И вдруг застыл, не донеся до рта надкусанный бутерброд. Над ухом у меня раздался голос:
— Ну, как делишки?
Это был Носарь.
— Погорели мы, — сказал я. — А ты почему не на работе?
— Чего я там забыл? — сказал он. — Я нашего малого искал. Его нигде нет. А нам ничего не будет, только помалкивай.
— Да я не про это. Тут другое. Старик Келли вчера вечером в полицию ходил…
Носарь поднял брови.
— Мне бы твои заботы…
— Они из нас все вытянут, Носарь.
— Ни хрена не вытянут, если не будем терять головы… а он тем временем удерет подальше.
— А это было то, что мы думали?
— Сегодня утром чуть свет туда прикатили две машины с легашами. Там теперь сыщик на сыщике…
— Но ты, конечно, туда не ходил?
— Успокойся, не такой я дурак. Просто прошел по мосту и глянул мимоходом.
— Что же делать?
— Сидеть тихо, вот и все. Да помалкивать. Как будто ничего и не было.
— Тебе хорошо, — сказал я. — Ты небось к этому привык.
— К чему я привык? К убийству? К тройному убийству? — сказал он тихо.
— Господи… Почему к тройному?
— Мужчина, собака и женщина, — сказал он так небрежно, что у меня все нутро перевернулось. — Этот старый паралитик сам полез под пулю, принесли ж его черти домой не ко времени.
— Они быстро дознаются, кто…
— Теперь все как в шахматах, старик. Я вчера весь вечер думал. Он у них на подозрении, но пока то да се, его поминай как звали. А если он попадется…
— Ну?
— Если попадется, надо будет путать карты. Если узнают, что мы видели, ему крышка. Поэтому молчи как могила, понял? — Я кивнул. — Будешь держаться? Не струсишь?

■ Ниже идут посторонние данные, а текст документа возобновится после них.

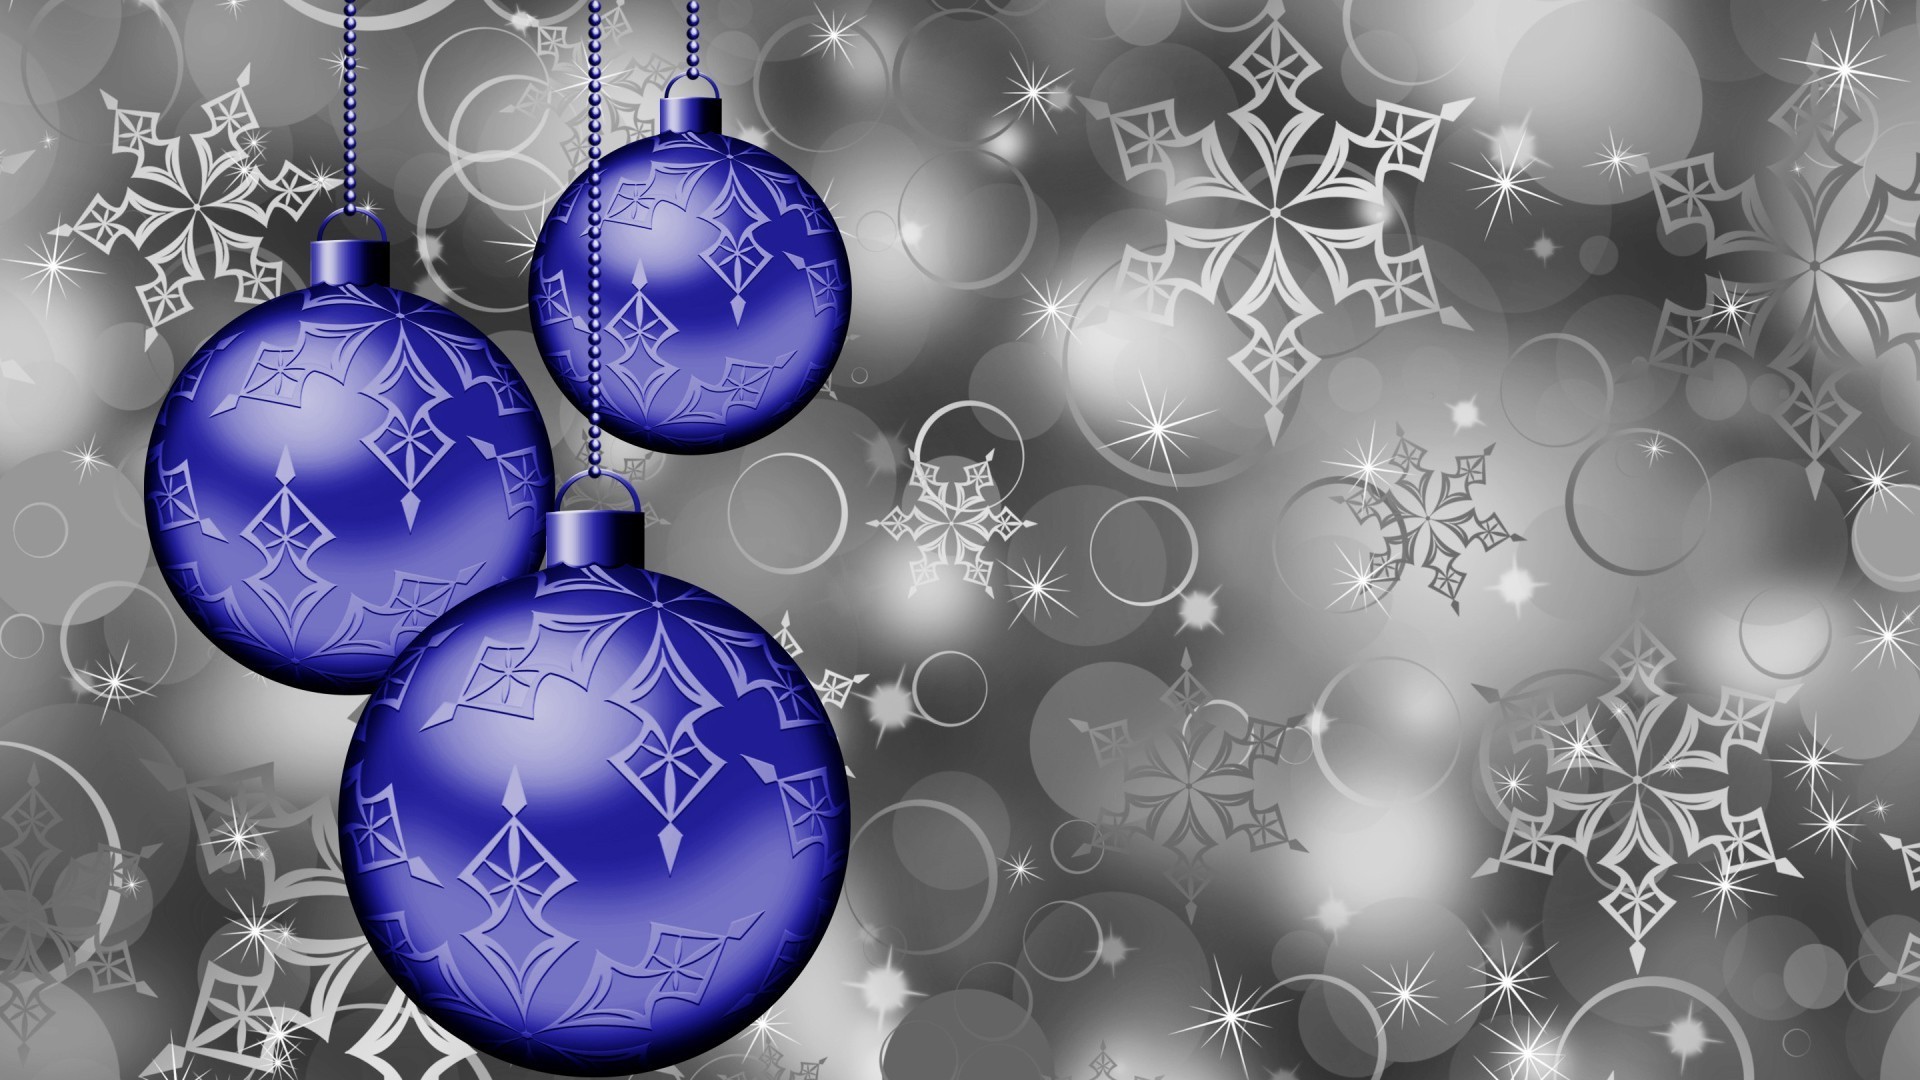 новый год рождество зима мяч снежинка мерри сфера украшения иллюстрация праздник снег светит висит вектор блестят дизайн витиеватый карта сезон графический дизайн

— Постараюсь, — сказал я и понял, что от него не укрылась моя нерешительность.
— Смотри, а не то пожалеешь, — сказал он. — Тогда твоя песенка спета. Потому что — слушай меня хорошенько, старик, — если его повесят из-за тебя, тебе тоже не жить. Запомни.
Не улыбнувшись и даже не кивнув мне, он пошел к реке; на последнем пригорке, перед тем как спуститься в лощину, он обернулся. Даже издали он сверлил меня взглядом. И я понял, что выдам я его брата или нет, он мне все равно враг. Наша дружба гроша ломаного не стоила. Весь мир был его врагом, а я в особенности, потому что меня он знал как облупленного.
2
Наверно, я и сам сделал бы это, но они оба в конце рабочего дня подписали бумажку и запечатали ее в конверт. Был день получки, да к тому же канун праздника, и нас отпустили на четверть часа раньше. Я был пятым или шестым в очереди.

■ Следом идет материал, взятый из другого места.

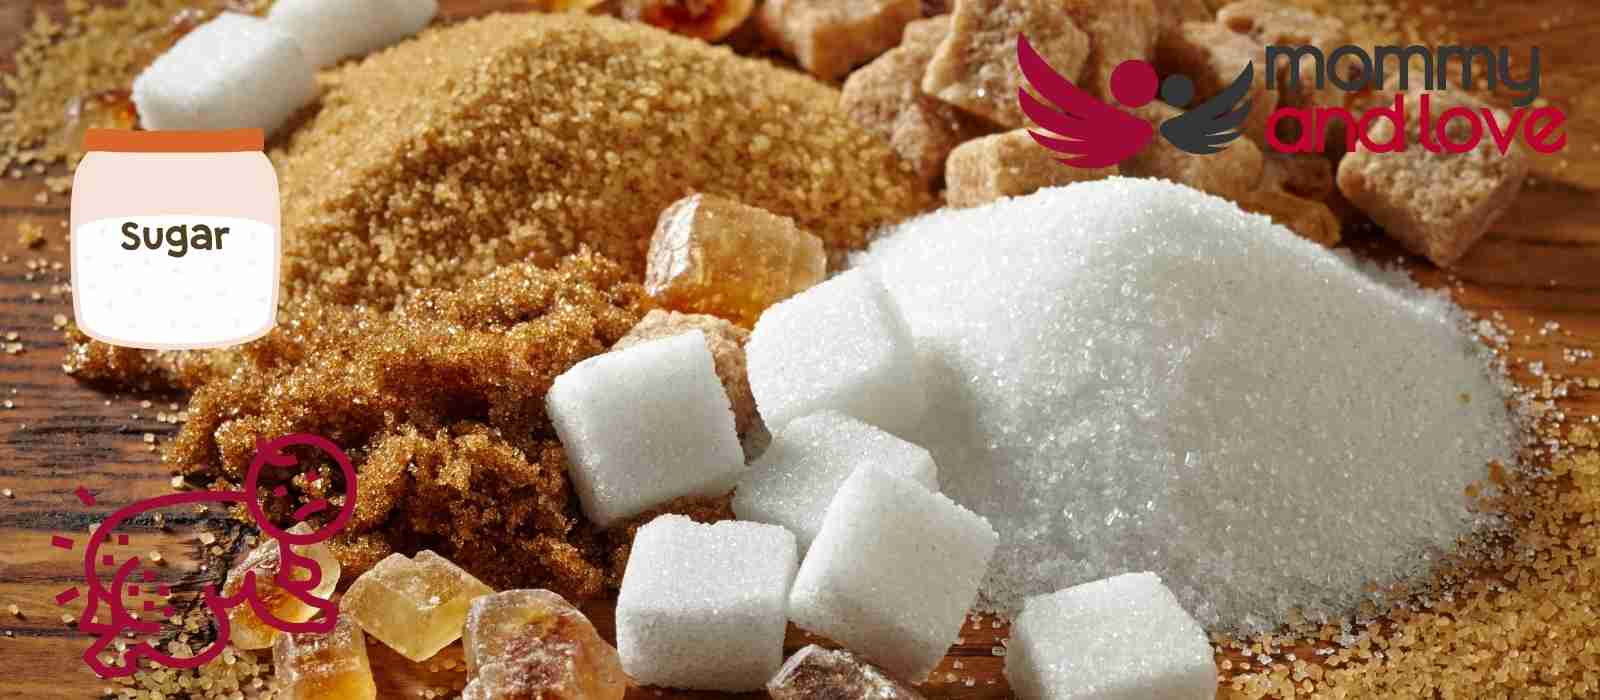 Can Sugar Cause Diaper Rash

— Прочитай-ка записку в конверте, — сказал Спроггет.
Я вскрыл конверт. Мне не сразу удалось выудить бумажку Она была желтая, хоть и без черной каймы, так что я сразу понял, в чем дело. Увольнение, пинок в зад, вышибон — называйте, как хотите.
— За что? — спросил я.
— Видишь ли, работа здесь почти кончена, и мы проводим сокращение, — сказал Спроггет.

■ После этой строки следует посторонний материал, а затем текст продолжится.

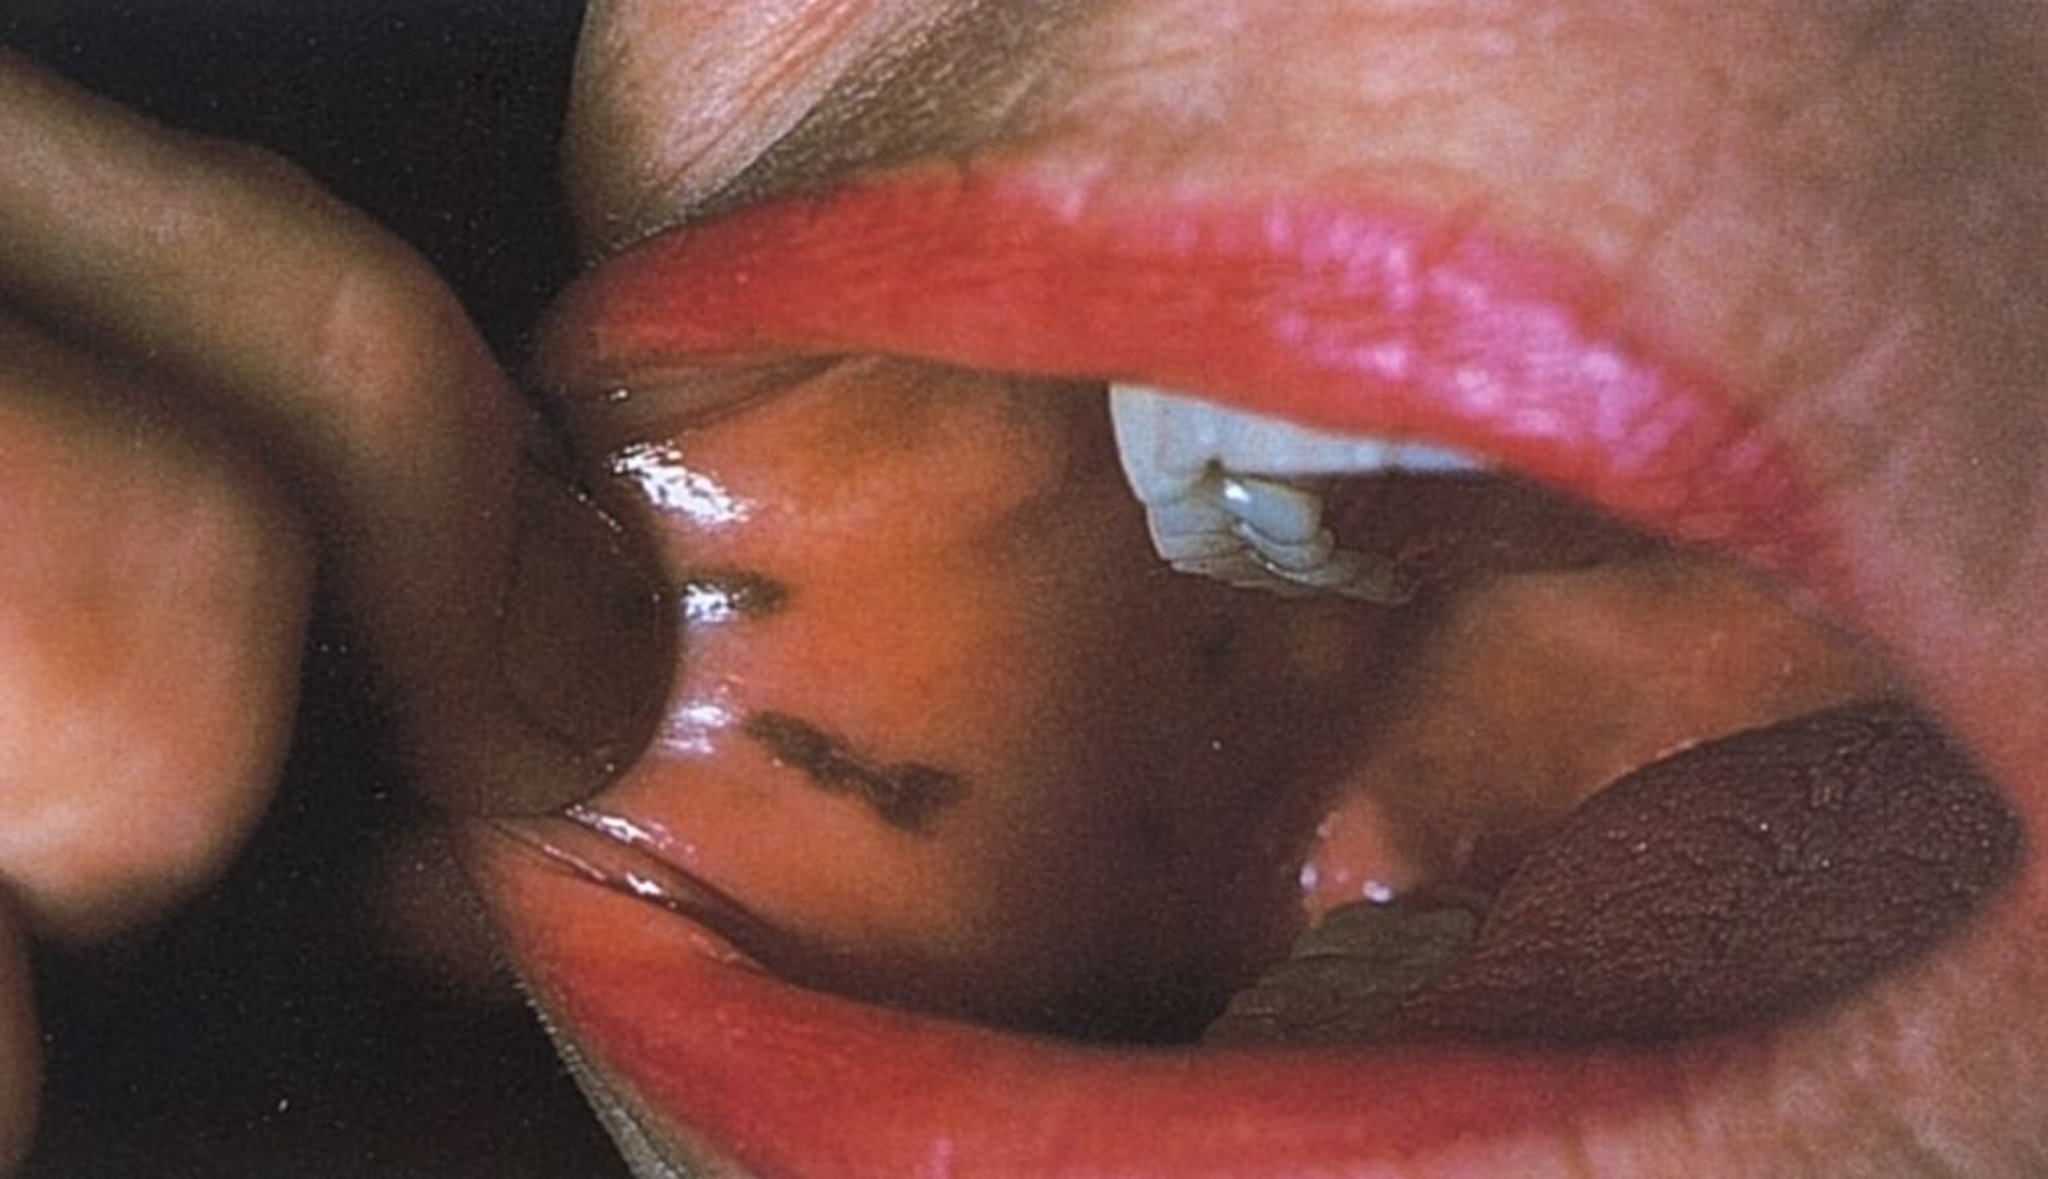 मुंह के अंदर नीले-काले रंग के धब्बे (प्यूट्ज़-जेगर्स सिंड्रोम)

Он с трудом скрывал улыбку.
— Вас не спрашивают, — сказал я. — Я спрашиваю у своего дяди Джорджа. За что?
— Он же сказал, — ответил дядя Джордж с каменным лицом, которое я мог бы легко сделать подвижнее.
— В таком случае, кого еще уволили?
— Больше никого.
— Я это вам попомню, — сказал я. — Только дурак мог просить у вас работу. — И я повернулся к остальным. — А куда профсоюз смотрит? За что я платил четыре шиллинга в месяц? — Все, в ком еще была жива совесть, уставились в землю, а дружки Сэма засмеялись. — Ладно, — продолжал я. — Все ясно — меня выгнали, потому что я не из шайки сорока разбойников.